Ausgangspunkt für mein Interesse am Dramatischen Gestalten im Deutschunterricht war ein Praktikum in der sechsten Klasse einer Berliner Grundschule. Im Deutschunterricht sollte das Verfassen eines Spieltextes für eine geplante Aufführung durchgeführt werden. Da mir die Einführung in dieses Projekt oblag, hielt ich es für zentral, dass die Kinder vor dem Schreiben der Spielvorlage lernten, wie ein Dramentext aufgebaut ist, dass sie also entsprechende literaturwissenschaftliche Kenntnisse erwarben. Es war mir insbesondere daran gelegen, dass dieser Erwerb handelnd erfolgte. Bei der anschließenden Durchführung des Unterrichts war ich überrascht von dem Spaß und Eifer, mit dem die Kinder - auch solche mit größeren Schwierigkeiten im Fach Deutsch - schrieben, spielten und Regie führten und auf diese Weise sehr viel in kurzer Zeit lernten, ohne dabei erkennbar einer anstrengenden Lernatmosphäre ausgesetzt gewesen zu sein. Ich begann mich nun weitergehend für das Thema zu interessieren, so dass ich es schließlich als Thema für meine Masterarbeit auswählte. Beim Sichten der Literatur fiel mir jedoch auf, dass die meisten verfügbaren Arbeiten zum Thema mindestens 20 Jahre alt waren, während es gleichzeitig einen Anstieg bei der Anzahl solcher Veröffentlichungen gab, die das Dramatische Gestalten in Hinblick auf das Schulfach Darstellendes Spiel behandelten.

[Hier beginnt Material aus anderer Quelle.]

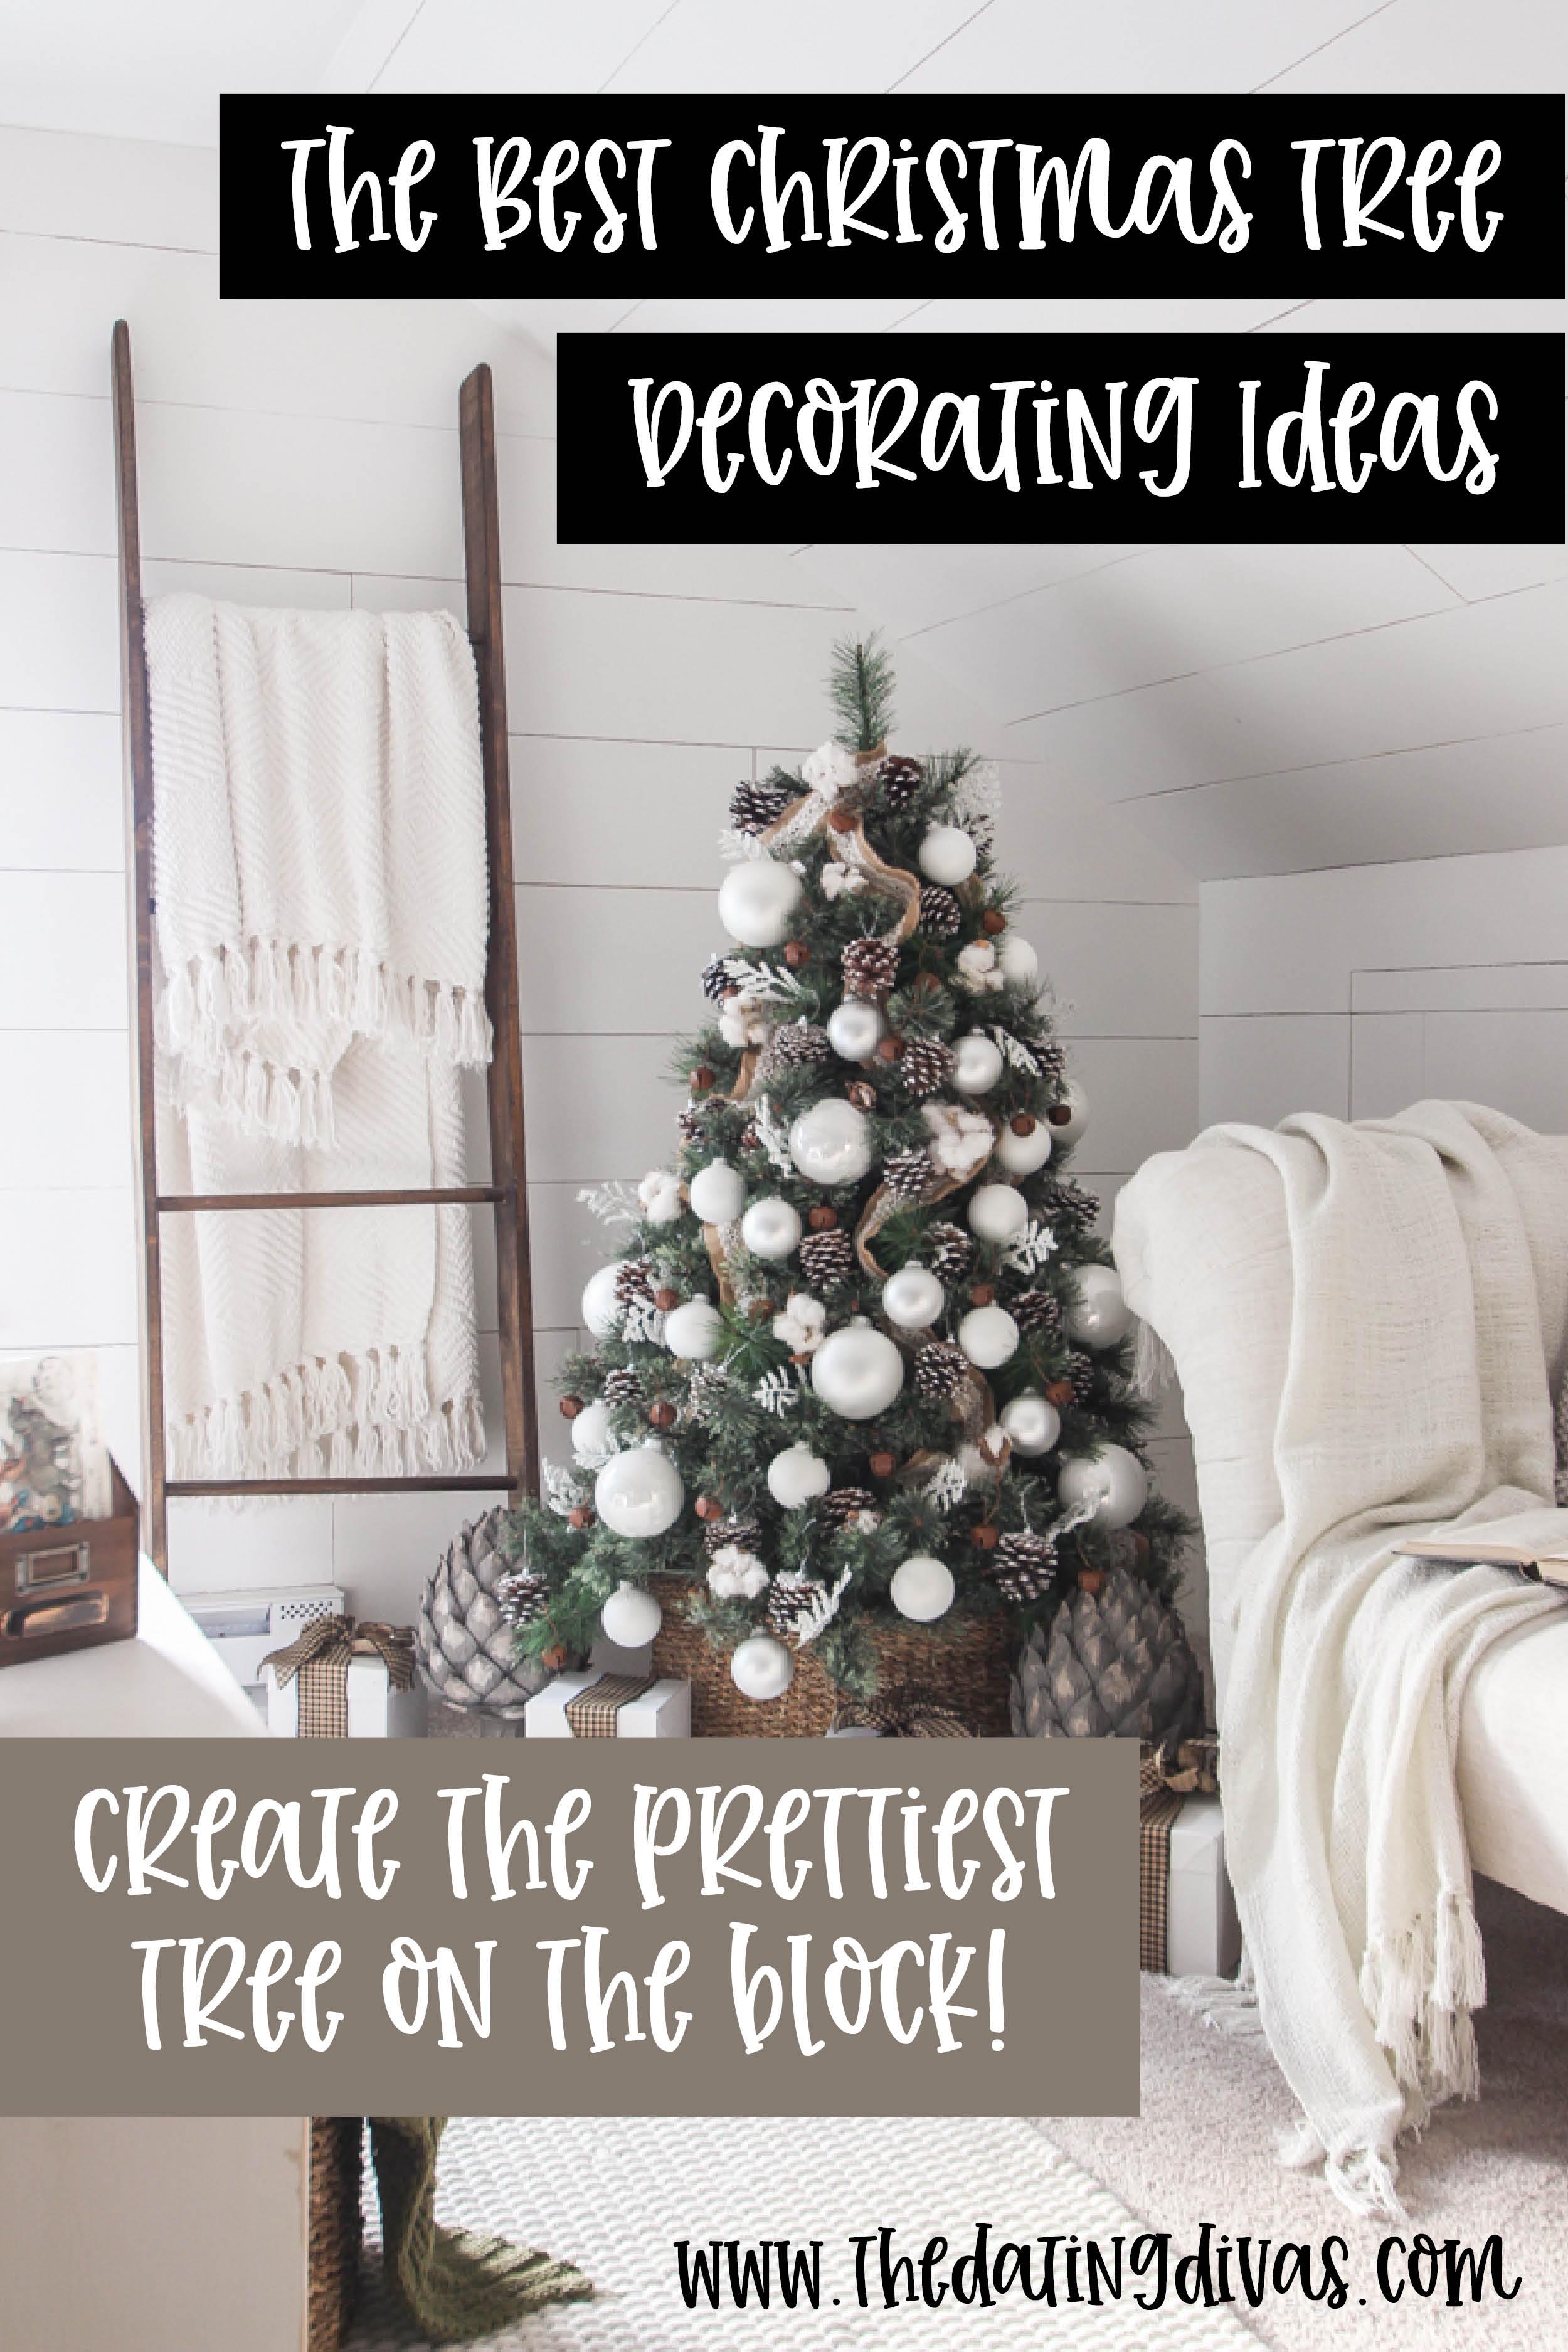 Christmas Tree Decorating Ideas | The Dating Divas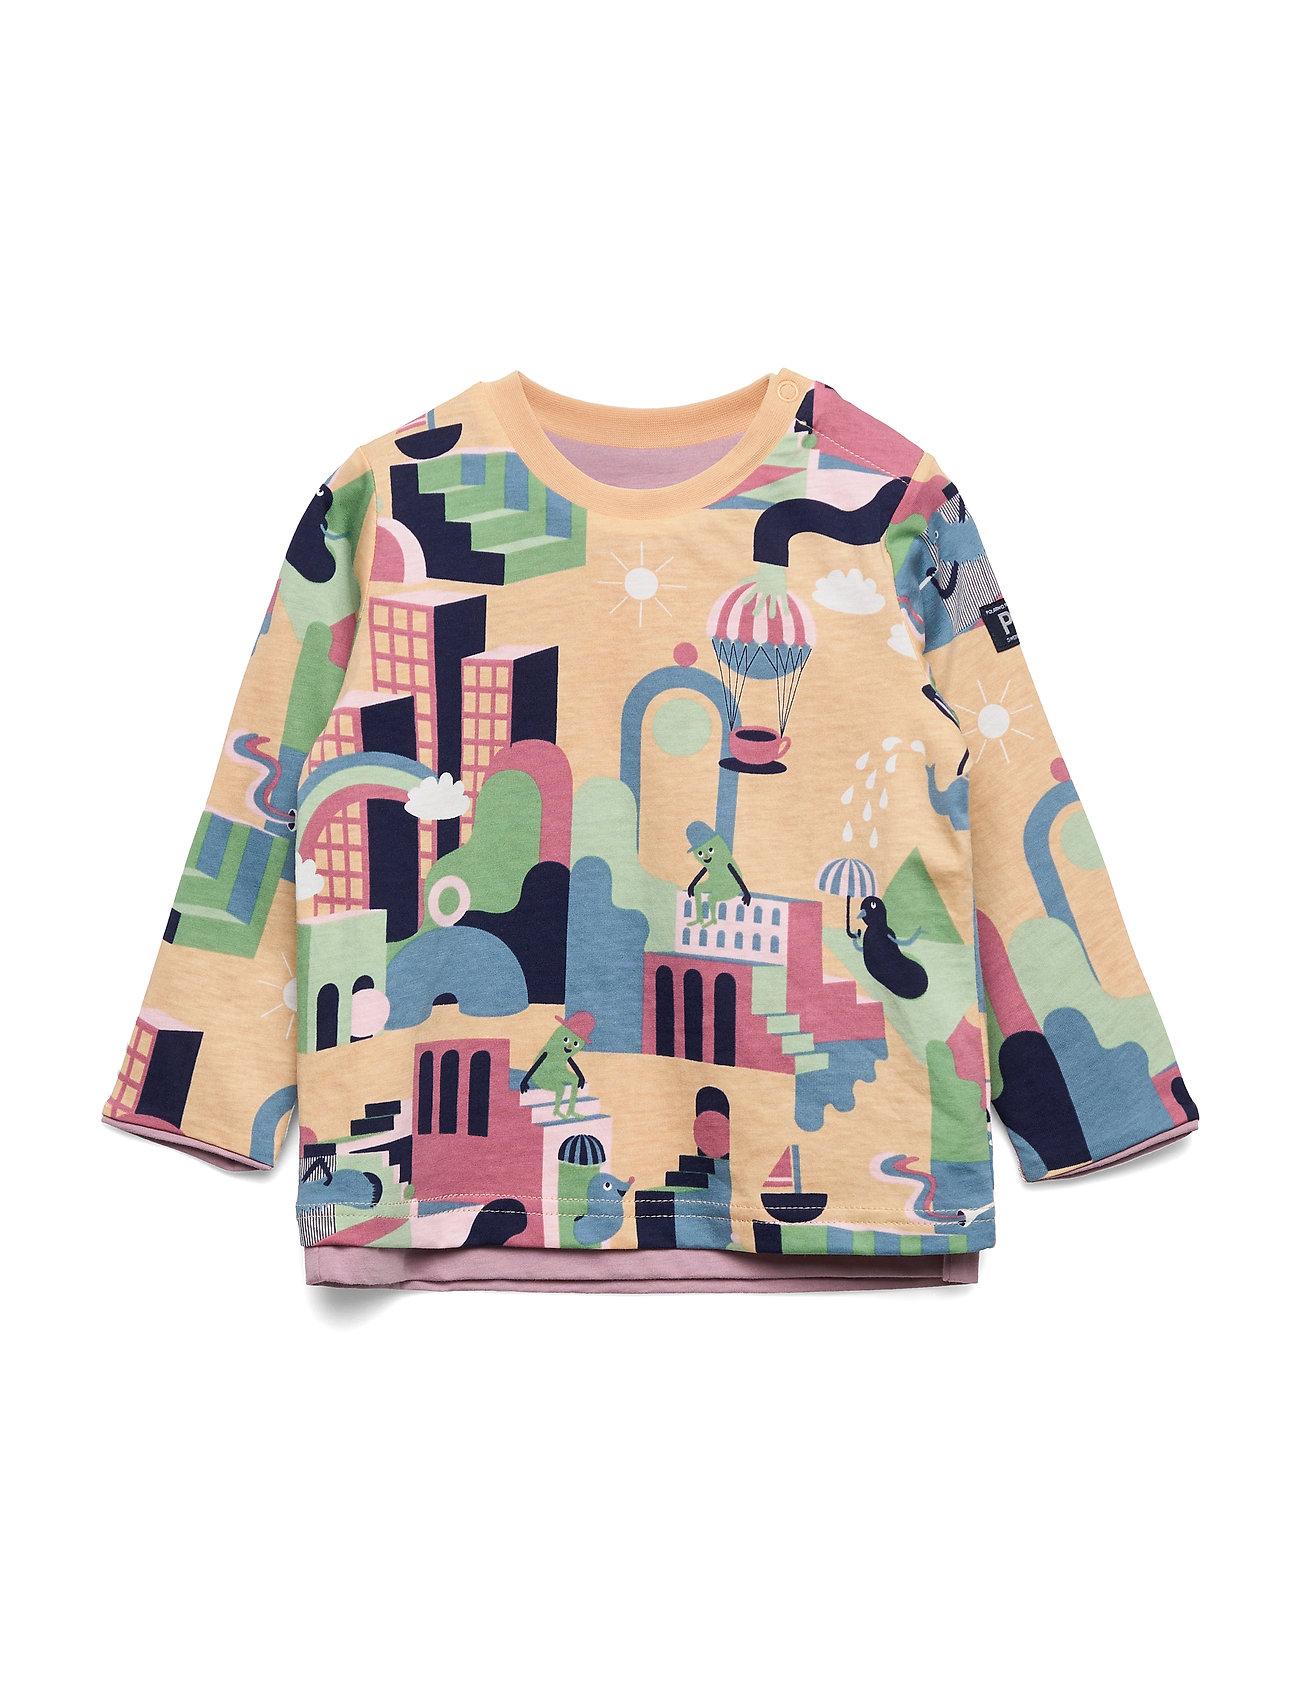 Image of T-Shirt L/S Print Preschool Langærmet T-shirt Lyserød Polarn O. Pyret (3336494735)

Das Fach Darstellendes Spiel hat sich erst in den letzten 20 Jahren etabliert und ist immer noch mit seiner Definierung und Begründung beschäftigt und um Ausweitung bemüht. Es scheint unter einem größeren Druck zu stehen, seine Ziele, Aufgabenfelder und Berechtigungen zu erklären als dies beim Deutschunterricht in Bezug auf das Dramatische Gestalten gegenwärtig der Fall ist. Im Fach Deutsch hat das Thema in Westdeutschland seine Ausweitung und Definierung im Wesentlichen zwischen 1970 und 1990 erfahren und war zu dieser Zeit entsprechend häufiger in der Literatur vertreten. (Siehe: Heising 1991, S. 24)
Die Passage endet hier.